Oligonucleotide site-directed mutagenesis in Xenopus egg extracts.

Addition of M13mp18 single-stranded DNA annealed with an oligonucleotide to a Xenopus egg extract results in a rapid and efficient incorporation of the oligonucleotide in a complete double-stranded supercoiled molecule. Both the efficiency of DNA synthesis and the recovery of complete double-stranded molecules are increased relative to the reaction carried out by the classical technique using the E. coli Klenow DNA polymerase, DNA ligase, dNTPs, ATP and ions. Site specific mutagenesis was assayed by reverting a point mutation in the lacz region of M13mp18. The color assay described by Messing and sequencing of the DNA extracted from isolated plaques was used to check for the reversion.
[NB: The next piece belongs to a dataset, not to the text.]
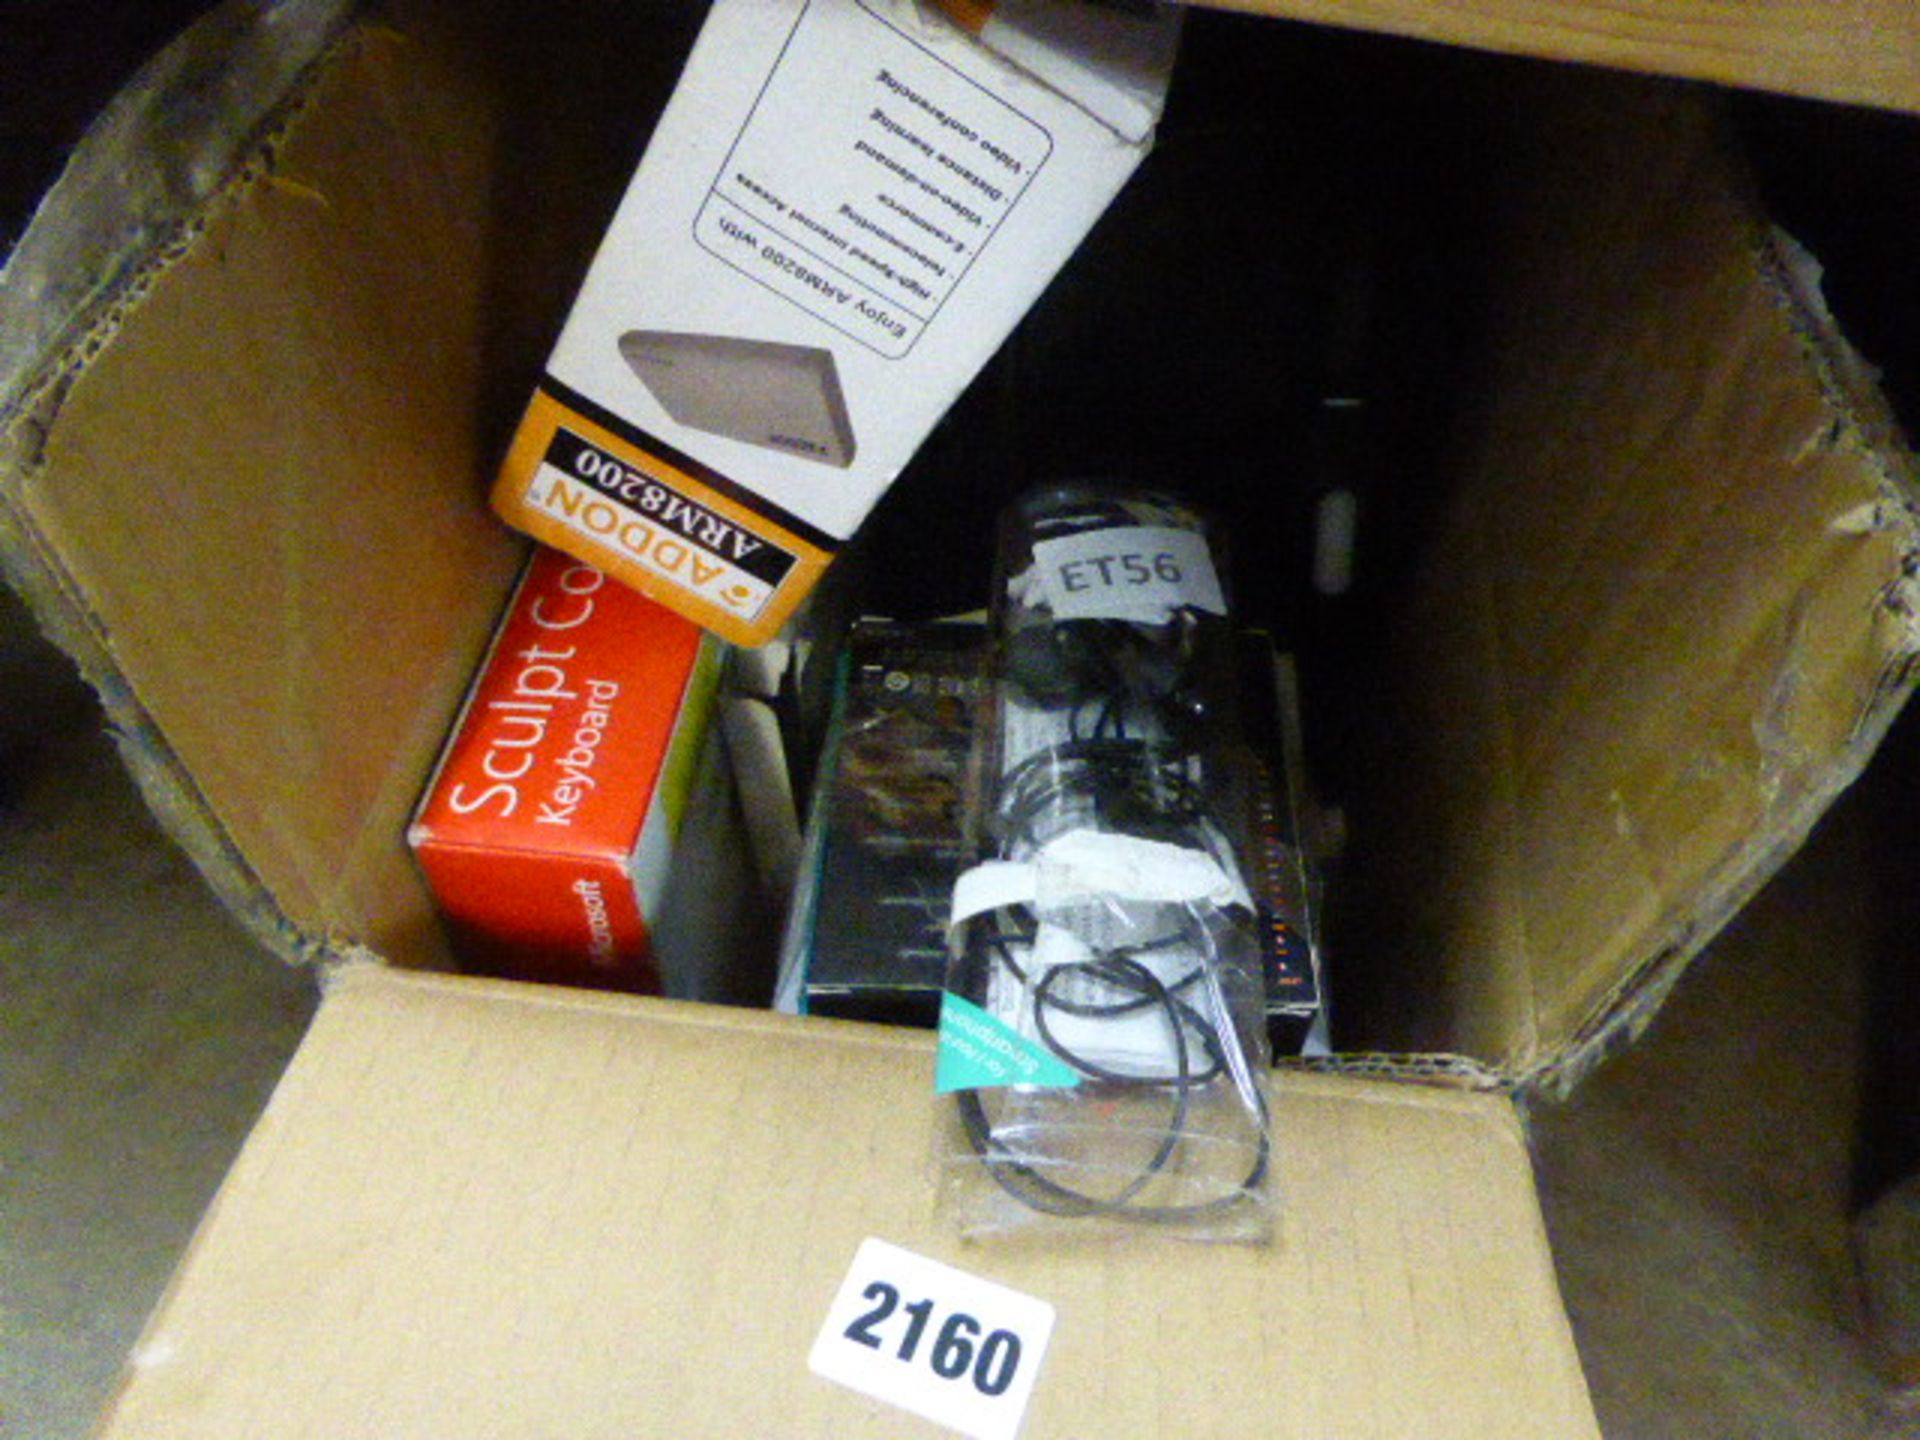 Box containing misc. electronic items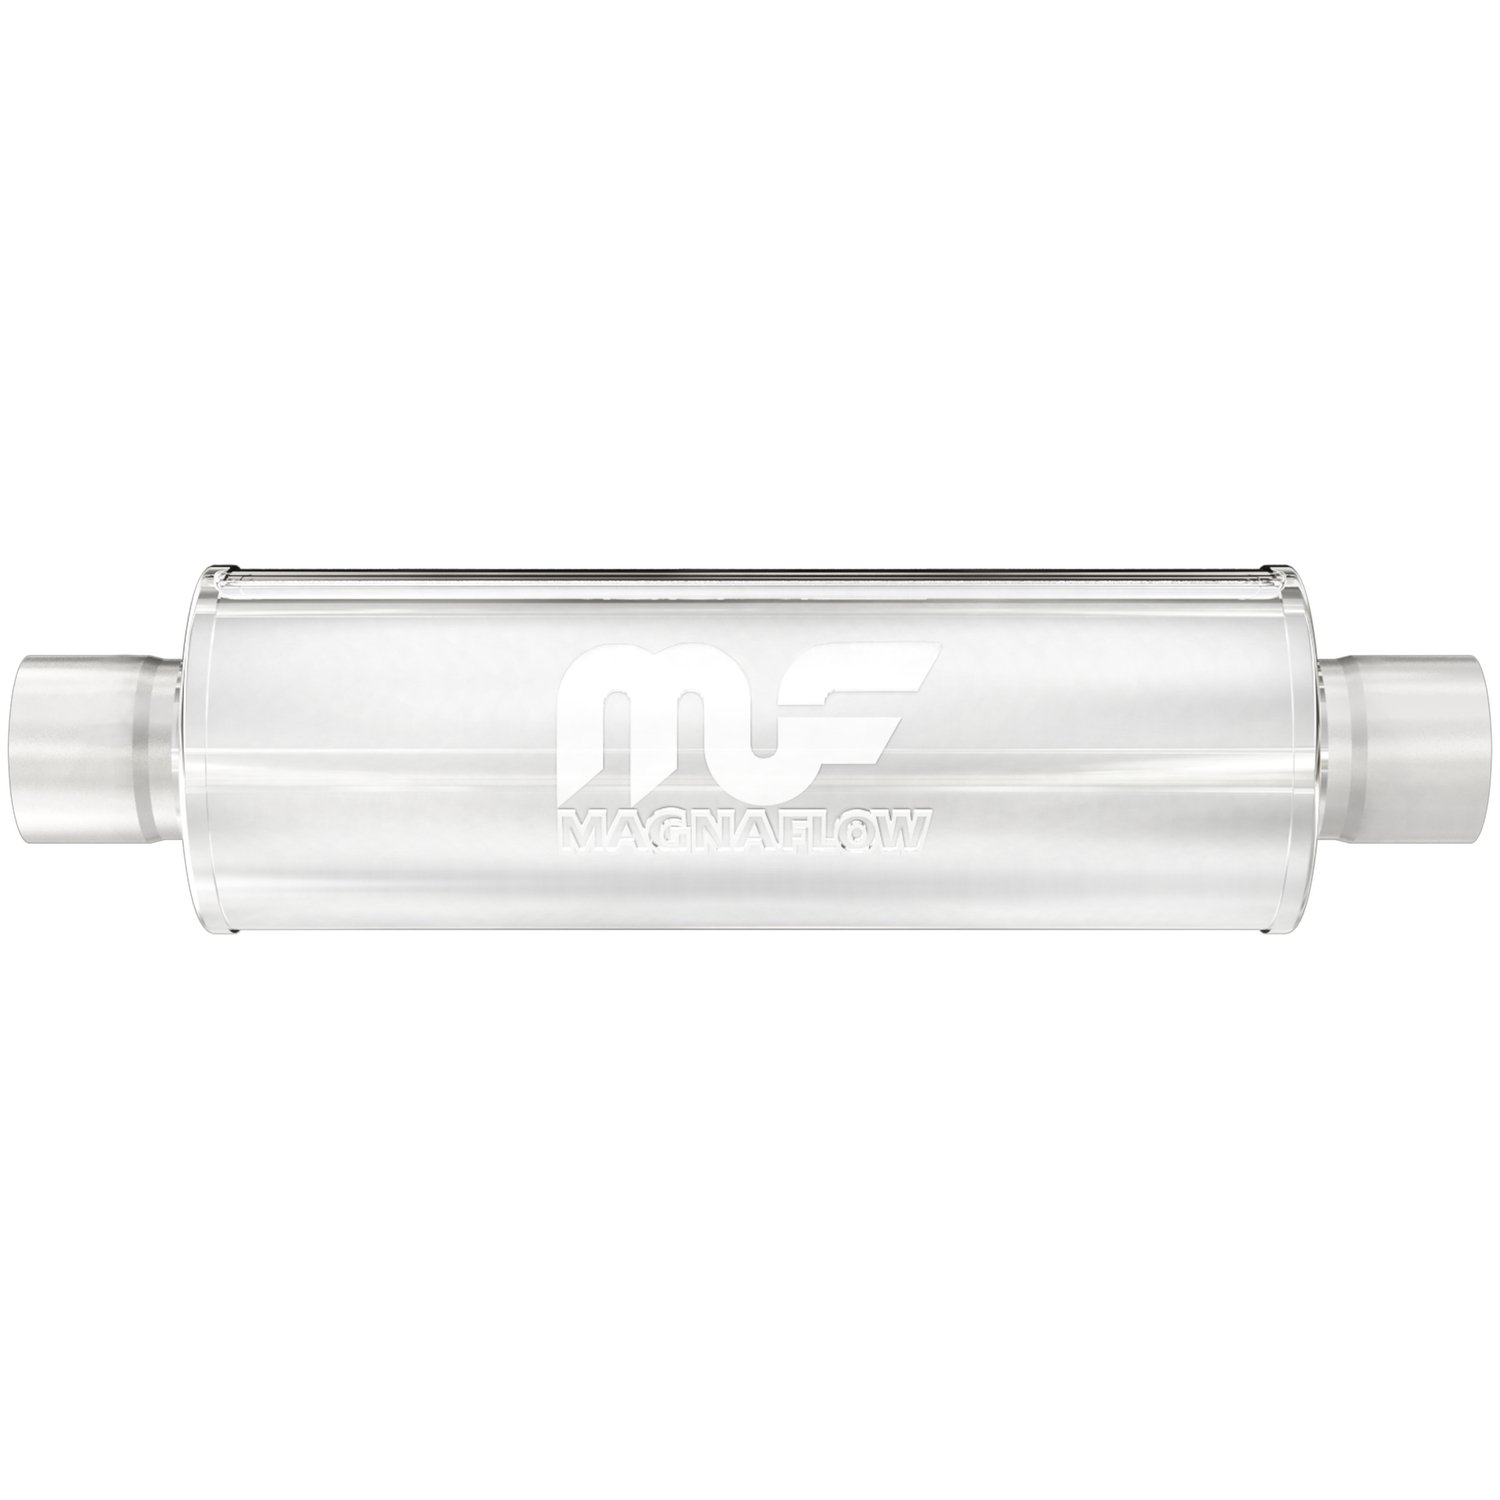 6" Round Muffler Center In/Center Out: 2" Body Length: 14" Overall Length: 20" Core Size: 2.5" Satin Finish

A 2 hr incubation of the heteroduplex carrying the mutagenic oligonucleotide in the Klenow-ligase-dNTP mixture allows a recovery of 6% mutant phage after transformation of competent cells with the reaction products. Using the Xenopus egg extract, 83% mutant phage were recovered after the same incubation time, in reactions entirely performed in parallel. The Xenopus extract is stable and contains all components required for the assay, including all ionic and protein factors; thus the only addition is the annealed DNA. Such an eukaryotic system is therefore an attractive alternative to the reconstituted prokaryotic DNA polymerase-DNA ligase system for site specific mutagenesis.